*** Opening of MATERIAL FOR THIS EXERCISE ***

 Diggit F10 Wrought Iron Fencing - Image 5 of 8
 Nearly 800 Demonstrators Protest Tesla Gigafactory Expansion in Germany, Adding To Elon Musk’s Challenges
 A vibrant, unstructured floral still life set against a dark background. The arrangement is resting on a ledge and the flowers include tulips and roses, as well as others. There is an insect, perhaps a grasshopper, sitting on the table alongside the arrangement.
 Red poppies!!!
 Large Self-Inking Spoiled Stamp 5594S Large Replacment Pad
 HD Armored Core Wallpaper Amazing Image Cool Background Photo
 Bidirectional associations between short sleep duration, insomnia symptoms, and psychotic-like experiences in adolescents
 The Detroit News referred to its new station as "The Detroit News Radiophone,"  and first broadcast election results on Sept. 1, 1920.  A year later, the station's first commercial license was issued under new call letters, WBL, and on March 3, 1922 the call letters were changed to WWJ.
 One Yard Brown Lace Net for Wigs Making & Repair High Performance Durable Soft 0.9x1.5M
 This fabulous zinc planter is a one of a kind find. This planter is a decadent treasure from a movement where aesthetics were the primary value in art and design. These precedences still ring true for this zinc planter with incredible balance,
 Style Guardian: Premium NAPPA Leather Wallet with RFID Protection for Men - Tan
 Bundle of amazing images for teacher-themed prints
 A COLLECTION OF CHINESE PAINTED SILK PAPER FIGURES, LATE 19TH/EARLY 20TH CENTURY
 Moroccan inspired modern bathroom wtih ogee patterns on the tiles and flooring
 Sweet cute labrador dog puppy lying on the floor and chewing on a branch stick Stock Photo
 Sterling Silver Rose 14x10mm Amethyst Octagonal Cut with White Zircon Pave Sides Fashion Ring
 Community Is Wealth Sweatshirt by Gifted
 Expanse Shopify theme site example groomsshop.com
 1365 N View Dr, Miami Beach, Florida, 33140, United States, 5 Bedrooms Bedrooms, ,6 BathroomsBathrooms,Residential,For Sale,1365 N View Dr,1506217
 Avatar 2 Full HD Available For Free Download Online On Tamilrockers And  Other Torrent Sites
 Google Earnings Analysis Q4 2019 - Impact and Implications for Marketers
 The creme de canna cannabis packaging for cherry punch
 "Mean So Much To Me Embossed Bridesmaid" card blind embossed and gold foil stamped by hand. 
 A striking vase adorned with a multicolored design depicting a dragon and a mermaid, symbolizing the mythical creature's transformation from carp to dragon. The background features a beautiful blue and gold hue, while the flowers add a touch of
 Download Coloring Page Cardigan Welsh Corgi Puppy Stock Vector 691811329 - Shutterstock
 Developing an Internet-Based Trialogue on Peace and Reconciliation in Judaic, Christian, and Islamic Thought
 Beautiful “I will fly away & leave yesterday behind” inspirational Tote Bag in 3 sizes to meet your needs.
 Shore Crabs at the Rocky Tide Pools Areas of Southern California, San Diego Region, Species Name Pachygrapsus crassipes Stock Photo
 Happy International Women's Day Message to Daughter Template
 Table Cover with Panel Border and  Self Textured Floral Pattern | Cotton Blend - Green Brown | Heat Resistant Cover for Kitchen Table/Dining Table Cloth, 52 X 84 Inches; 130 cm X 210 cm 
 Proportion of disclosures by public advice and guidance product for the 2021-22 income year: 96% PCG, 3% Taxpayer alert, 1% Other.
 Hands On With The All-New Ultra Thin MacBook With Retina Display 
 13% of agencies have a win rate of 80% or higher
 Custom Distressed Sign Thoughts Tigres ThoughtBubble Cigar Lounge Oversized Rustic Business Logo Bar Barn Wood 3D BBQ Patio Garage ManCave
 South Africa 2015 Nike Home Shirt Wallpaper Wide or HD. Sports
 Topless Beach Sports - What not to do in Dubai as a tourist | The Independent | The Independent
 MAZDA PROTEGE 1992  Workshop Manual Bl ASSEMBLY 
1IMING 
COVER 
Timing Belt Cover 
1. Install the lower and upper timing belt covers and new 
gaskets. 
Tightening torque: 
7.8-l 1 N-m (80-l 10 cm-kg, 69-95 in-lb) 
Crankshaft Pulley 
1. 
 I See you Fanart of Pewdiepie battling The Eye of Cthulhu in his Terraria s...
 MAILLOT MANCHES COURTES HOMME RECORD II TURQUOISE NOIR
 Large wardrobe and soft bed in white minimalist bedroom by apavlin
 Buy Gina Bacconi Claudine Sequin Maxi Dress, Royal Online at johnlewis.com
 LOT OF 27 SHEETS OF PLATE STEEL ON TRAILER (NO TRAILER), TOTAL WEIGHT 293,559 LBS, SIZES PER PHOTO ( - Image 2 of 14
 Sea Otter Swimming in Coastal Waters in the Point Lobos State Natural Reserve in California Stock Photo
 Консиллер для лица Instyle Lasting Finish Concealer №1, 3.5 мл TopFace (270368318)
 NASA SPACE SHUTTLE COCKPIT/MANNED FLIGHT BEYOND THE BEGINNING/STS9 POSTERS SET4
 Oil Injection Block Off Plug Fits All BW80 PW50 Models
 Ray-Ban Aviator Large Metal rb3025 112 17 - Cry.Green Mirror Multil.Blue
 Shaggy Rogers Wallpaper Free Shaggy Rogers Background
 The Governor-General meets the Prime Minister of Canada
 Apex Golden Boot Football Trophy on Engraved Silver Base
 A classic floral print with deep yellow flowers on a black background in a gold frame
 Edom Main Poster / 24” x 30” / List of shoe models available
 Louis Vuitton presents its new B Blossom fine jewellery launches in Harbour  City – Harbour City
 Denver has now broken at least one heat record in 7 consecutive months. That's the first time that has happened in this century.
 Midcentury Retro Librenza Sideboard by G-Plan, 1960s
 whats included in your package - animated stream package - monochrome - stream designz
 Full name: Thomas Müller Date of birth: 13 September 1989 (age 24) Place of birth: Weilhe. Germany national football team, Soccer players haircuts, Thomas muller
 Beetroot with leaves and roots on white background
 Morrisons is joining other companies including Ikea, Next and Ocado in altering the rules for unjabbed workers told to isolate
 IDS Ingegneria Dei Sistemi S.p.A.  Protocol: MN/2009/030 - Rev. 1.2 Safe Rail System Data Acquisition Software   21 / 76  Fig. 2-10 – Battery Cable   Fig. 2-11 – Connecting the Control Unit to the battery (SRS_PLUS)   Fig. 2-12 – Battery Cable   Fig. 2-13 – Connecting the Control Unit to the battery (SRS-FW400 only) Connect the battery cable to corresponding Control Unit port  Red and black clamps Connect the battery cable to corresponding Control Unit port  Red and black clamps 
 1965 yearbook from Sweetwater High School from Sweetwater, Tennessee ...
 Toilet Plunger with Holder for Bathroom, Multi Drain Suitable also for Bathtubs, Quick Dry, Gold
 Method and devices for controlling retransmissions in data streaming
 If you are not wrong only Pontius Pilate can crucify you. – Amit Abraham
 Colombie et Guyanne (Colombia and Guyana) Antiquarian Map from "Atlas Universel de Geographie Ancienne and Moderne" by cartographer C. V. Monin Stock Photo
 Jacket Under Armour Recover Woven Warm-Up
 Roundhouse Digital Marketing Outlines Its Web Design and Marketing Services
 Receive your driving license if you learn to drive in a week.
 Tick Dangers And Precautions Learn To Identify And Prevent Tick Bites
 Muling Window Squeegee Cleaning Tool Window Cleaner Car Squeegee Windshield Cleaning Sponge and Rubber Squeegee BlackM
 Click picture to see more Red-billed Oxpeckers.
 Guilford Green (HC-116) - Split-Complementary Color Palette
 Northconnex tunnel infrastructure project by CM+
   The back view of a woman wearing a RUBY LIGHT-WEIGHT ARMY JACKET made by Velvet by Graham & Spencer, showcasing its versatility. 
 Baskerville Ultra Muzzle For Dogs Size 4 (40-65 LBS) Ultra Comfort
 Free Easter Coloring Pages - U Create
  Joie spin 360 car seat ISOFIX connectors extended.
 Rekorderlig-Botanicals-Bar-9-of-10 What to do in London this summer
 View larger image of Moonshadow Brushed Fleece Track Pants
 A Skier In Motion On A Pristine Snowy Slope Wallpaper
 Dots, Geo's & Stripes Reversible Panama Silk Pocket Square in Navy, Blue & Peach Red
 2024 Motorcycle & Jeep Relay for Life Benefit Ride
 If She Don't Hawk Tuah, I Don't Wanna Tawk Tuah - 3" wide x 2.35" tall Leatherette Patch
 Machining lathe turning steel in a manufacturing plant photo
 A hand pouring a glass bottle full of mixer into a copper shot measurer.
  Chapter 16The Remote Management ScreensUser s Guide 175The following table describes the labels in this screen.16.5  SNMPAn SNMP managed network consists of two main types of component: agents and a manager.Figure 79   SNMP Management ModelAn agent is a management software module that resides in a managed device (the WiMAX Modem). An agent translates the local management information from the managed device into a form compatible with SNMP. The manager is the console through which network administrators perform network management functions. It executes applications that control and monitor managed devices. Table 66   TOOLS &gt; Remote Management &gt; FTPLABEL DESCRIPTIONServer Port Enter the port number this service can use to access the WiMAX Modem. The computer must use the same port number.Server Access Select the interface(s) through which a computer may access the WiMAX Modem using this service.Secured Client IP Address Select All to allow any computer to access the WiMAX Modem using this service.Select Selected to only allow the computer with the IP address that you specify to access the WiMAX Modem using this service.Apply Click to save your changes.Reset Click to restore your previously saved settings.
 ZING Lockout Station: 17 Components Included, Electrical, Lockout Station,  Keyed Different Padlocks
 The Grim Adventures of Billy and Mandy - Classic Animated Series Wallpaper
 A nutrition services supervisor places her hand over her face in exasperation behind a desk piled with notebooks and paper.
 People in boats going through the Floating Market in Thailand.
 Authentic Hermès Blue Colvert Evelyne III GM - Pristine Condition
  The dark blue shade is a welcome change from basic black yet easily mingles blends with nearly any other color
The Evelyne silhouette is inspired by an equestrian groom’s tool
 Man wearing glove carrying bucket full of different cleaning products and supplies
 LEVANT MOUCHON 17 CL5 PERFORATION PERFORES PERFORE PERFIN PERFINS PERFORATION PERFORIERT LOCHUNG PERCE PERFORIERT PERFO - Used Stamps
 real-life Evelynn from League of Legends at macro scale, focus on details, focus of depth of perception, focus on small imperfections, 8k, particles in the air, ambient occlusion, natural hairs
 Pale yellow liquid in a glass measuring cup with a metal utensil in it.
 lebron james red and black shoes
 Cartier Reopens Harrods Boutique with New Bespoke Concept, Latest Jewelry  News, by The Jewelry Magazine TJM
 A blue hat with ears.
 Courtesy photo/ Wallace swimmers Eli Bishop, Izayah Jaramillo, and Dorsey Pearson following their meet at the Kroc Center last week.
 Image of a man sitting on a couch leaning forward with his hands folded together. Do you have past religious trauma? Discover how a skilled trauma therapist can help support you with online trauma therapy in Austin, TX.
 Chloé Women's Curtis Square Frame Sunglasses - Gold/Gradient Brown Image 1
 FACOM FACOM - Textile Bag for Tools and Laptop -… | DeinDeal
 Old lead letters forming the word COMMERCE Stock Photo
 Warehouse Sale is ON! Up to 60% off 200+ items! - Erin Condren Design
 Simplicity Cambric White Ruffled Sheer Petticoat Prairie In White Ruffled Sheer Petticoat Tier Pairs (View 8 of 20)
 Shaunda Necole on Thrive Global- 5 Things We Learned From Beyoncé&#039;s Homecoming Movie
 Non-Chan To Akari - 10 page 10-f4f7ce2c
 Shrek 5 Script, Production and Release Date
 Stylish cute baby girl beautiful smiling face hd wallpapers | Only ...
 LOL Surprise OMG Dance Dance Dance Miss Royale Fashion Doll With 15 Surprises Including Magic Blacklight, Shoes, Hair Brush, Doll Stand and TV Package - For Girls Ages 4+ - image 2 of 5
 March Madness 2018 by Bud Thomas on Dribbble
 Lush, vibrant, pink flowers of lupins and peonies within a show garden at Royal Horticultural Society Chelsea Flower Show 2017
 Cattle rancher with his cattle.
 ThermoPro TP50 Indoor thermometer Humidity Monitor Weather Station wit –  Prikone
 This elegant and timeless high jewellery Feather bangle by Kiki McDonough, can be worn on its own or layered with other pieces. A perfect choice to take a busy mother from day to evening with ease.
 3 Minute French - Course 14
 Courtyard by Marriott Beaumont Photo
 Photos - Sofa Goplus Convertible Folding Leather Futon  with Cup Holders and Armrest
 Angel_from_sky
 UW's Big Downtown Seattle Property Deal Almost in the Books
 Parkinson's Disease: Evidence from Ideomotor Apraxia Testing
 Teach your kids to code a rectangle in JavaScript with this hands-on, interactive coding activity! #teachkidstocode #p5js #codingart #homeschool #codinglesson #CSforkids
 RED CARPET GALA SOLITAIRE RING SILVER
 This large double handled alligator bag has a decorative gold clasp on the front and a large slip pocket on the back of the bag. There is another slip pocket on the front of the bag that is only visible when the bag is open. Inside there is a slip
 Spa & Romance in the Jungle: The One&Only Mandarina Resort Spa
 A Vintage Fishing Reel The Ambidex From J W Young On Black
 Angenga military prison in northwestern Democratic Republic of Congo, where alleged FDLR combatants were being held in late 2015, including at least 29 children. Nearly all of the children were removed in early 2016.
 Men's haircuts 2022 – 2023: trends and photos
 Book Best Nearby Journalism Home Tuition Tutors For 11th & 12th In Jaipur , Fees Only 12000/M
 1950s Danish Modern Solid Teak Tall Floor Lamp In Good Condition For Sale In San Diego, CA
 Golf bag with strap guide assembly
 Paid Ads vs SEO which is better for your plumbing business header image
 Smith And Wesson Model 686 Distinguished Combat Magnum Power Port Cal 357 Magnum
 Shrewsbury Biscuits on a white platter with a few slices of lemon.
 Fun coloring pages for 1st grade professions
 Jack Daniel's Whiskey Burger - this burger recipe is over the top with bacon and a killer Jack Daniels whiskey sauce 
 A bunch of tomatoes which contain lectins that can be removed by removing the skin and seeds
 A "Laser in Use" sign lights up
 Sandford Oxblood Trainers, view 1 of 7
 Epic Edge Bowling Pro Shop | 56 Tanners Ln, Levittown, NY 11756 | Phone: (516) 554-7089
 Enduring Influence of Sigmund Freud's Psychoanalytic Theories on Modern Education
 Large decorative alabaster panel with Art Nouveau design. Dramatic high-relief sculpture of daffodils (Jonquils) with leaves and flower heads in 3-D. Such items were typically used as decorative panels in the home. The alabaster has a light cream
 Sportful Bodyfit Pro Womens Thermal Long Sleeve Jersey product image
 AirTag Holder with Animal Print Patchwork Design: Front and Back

*** Close of MATERIAL FOR THIS EXERCISE ***

WHAT THIS TASK INVOLVES – Given the records above, return exactly the lines starting at the line containing "ThermoPro TP50 Indoor" and ending at the line containing "Golf bag with strap guide assembly", including both.

RESULT –
 ThermoPro TP50 Indoor thermometer Humidity Monitor Weather Station wit –  Prikone
 This elegant and timeless high jewellery Feather bangle by Kiki McDonough, can be worn on its own or layered with other pieces. A perfect choice to take a busy mother from day to evening with ease.
 3 Minute French - Course 14
 Courtyard by Marriott Beaumont Photo
 Photos - Sofa Goplus Convertible Folding Leather Futon  with Cup Holders and Armrest
 Angel_from_sky
 UW's Big Downtown Seattle Property Deal Almost in the Books
 Parkinson's Disease: Evidence from Ideomotor Apraxia Testing
 Teach your kids to code a rectangle in JavaScript with this hands-on, interactive coding activity! #teachkidstocode #p5js #codingart #homeschool #codinglesson #CSforkids
 RED CARPET GALA SOLITAIRE RING SILVER
 This large double handled alligator bag has a decorative gold clasp on the front and a large slip pocket on the back of the bag. There is another slip pocket on the front of the bag that is only visible when the bag is open. Inside there is a slip
 Spa & Romance in the Jungle: The One&Only Mandarina Resort Spa
 A Vintage Fishing Reel The Ambidex From J W Young On Black
 Angenga military prison in northwestern Democratic Republic of Congo, where alleged FDLR combatants were being held in late 2015, including at least 29 children. Nearly all of the children were removed in early 2016.
 Men's haircuts 2022 – 2023: trends and photos
 Book Best Nearby Journalism Home Tuition Tutors For 11th & 12th In Jaipur , Fees Only 12000/M
 1950s Danish Modern Solid Teak Tall Floor Lamp In Good Condition For Sale In San Diego, CA
 Golf bag with strap guide assembly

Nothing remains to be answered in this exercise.